Reputation: 41
I am trying to access a set of urls present in rows and scrape respective information from all those links and store it in a text file. I have my links stored in a file - "ctp_output.csv" Currently I am able to extract information by directly providing a single link. Require some guidance.
import csv
import urllib2
from bs4 import BeautifulSoup
url = "http://www.thedrum.com/news/2015/07/29/mankind-must-get-ahead-technical-development-states-phds-mark-holden-following"
soup = BeautifulSoup(urllib2.urlopen(url))
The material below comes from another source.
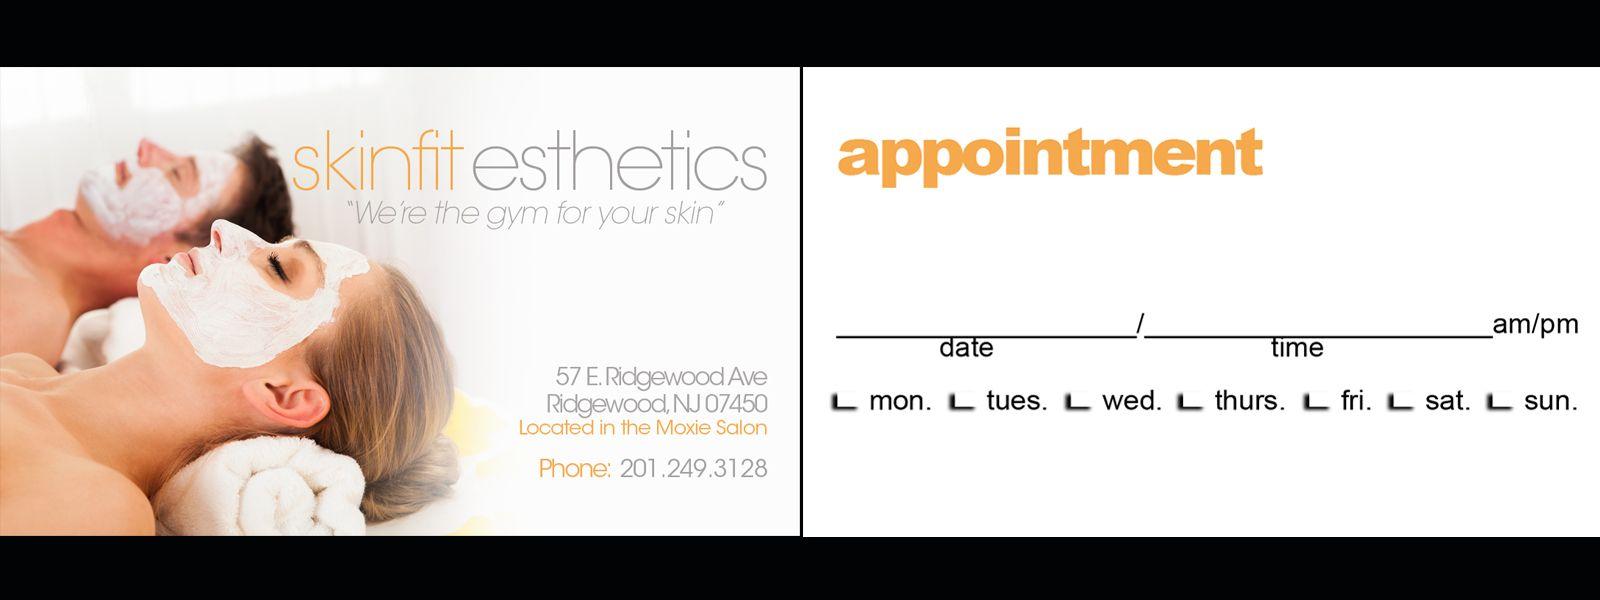 Unique Esthetician Business Cards Ideas | esthetics business card ...

with open('ctp_output.txt', 'w') as f:
for tag in soup.find_all('p'):
f.write(tag.text.encode('utf-8') + '\n')
Upvotes: 0
Views: 2156
Reputation: 402263
The next step is to open the csv file and then loop over each line, extracting information for each link. You can do that like this:
import csv
with open('test.csv', 'rb') as f:
reader = csv.reader(f)
for line in reader:
url = line[0] # assuming your url is your first column
.... # scraping code here
Upvotes: 1
Reputation: 936
You can use import the csv in pandas
dataframe using pandas.read_csv()
.
Then iterate through the rows of the dataframe like
for url in data_frame_name.iterrows():
....use the url to get the information like you did in the question.
Upvotes: 0